Monday, September 14, 2015

Crumbling Infrastructure At the Edges

When we hear or read about bridges that are failing or crumbling infrastructure most of us might wonder how this really effects us. Especially after we drive over a bridge or section of road that we hear is bad but experience no problems whenever we cross it. Recently I had a conversation with a local along these lines while we were discussing yet another spilled load of round bales we had to pass by out on the highway.

There are a number of overpasses in the area that are crumbling but most locals don't even know it. Why? Because the lack of repairs isn't something that would effect a passenger car, SUV or even a pickup truck but get something with a load on it and the general bad state of the road is immediately apparent.

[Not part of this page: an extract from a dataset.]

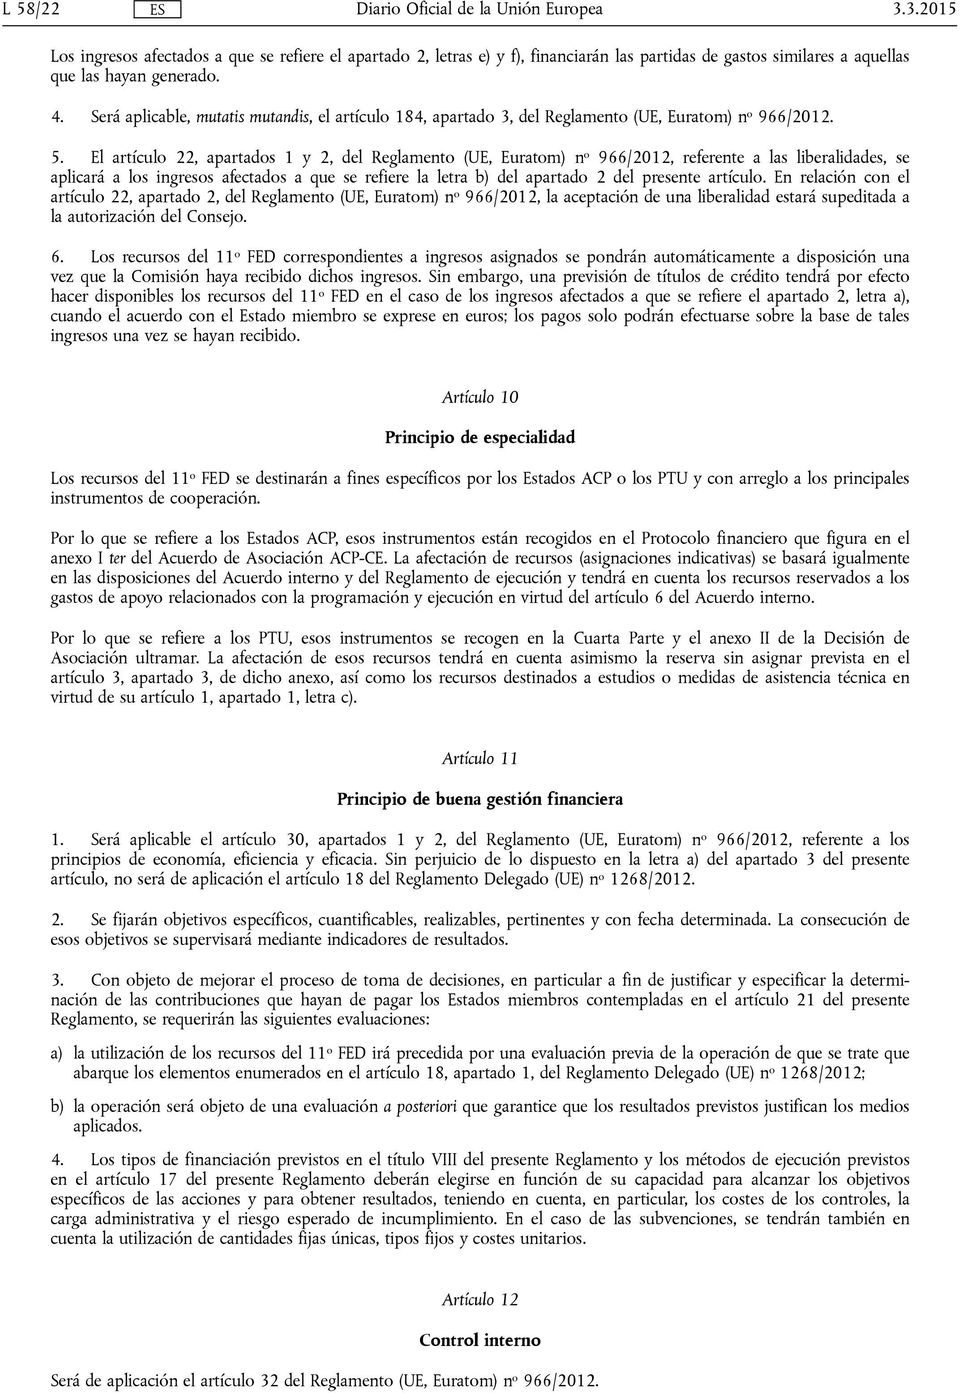 El artículo 22, apartados 1 y 2, del Reglamento (UE, Euratom) n o 966/2012, referente a las liberalidades, se aplicará a los ingresos afectados a que se refiere la letra b) del apartado 2 del

Not too long ago I was transporting a piece of equipment back to the Small-Hold on our car hauler trailer only to notice right after I crossed a bridge that had some rather bad washboarding on the pavement that ran to the bridge deck that I had in fact broken two tie down straps when the trailer started bouncing. I was even driving well under the speed limit. Luckily I could see the trailer and the load clearly from the rearview mirror and had extra tie downs but for heavier or larger loads the driver may not immediately notice when such things happen.

This is where the general public really pays the price for the over spending, over hiring and over promising of the various governments as they in fact rob our infrastructure to meet their social engineering commitments and it is ultimately what will cause the final slide into a real collapse situation. Each spill, broken strap, traffic jam etc. is lost revenue that will continue to add up until the entire system clogs up.

The various government entities will then try and raise taxes even further promising to fix these problems they are already suppose to be taking care of. If they are successful then we suffer even more loss of economic spending and the money taken again goes to the bottomless pit of government spending.  If they are not successful, like the recent try by MoDot, then the infrastructure doesn't get fixed and we still suffer economic loss in the form we see in the picture above.

This Summer I have indeed noted a far larger number of broken and toppled loads along the highways and roads I travel.

One way or another everything is paid for even when the government thinks they are creating their money out of thin air the people are still paying the price.

Keep Prepping Everyone!!!!!!


  1. A farm community near here had a railroad overpass(on a US highway even) get reduced to 10 to max right before harvest season. But don't worry St. Louis has that new sixth lane on the highway to get from Clayton to Town and Country before the smoke from the riot fires gets into your Merc's leather seats.

    When you combine the wastefulness of MoDot with increased CaFE standards a cynical person could wonder if all the brilliant civil servants aren't really that smart.

  2. One of the problems with bridges is that so many concrete bridges were built is say a 25 year period. They were quick and wouldn't have to be reworked for years.Well some have been redecked twice and the early ones are being replaced especially if salt water can penetrate to the steel inside the supports.
    When exploring along the James river, I have found that the railroad used old canal aqueducts and other stonework to lay the tracks on in the 1880s. These cut stone structures have been carrying the heavy trains for about 135 years. I'm not saying to build cut stone bridges but surely there has to be better methods than the ones that have to be rebuilt every few decades. It is now to late to build them right since too much of the money is going into non-essential projects and engineering studies that produce the same low quality structures.

    1. Cut stone is not a particularly effective building material, but you can obviously overbuild with anything. My understanding is that your typical concrete bridge is specified to have a 50 to 75 year life. The post-tension concrete bridges have had some methodology problems. It is my understanding that there are fixes for these problems, but that doesn't help with the older bridges that started showing up in the 1950s.

      But you are correct, a post tension bridge is a way to build an effective bridge cheaply. Obviously if this causes you to overbuild (build more than your willing to maintain) than your going to have some issues down the road.

  3. If you lived in Orlando, they'd just build another toll road. Promises to remove the tolls from decades past have never come to reality. The only highway without a toll is I-4 and it's a nightmare. Guess what they've come up with? A toll road down the center of I-4 if you want to get to where you need to quicker, you have the option of course of traveling the old highway without a toll but with less lanes. It's only going to take 6 years to build. Another boondoggle, first we as tax payers get to pay for the road, then as drivers we get to pay another tax to ride on it.. govt at its finest

  4. When I worked for Franklin County 20 years ago, the State was publishing notices to local gummints that 75% of bridges & overpasses needed repairs - statewide. I can only imagine it's gotten worse, not better.

  5. I thought all these infrastructures projects were "shovel ready". He borrowed trillions for this and all that money disappeared.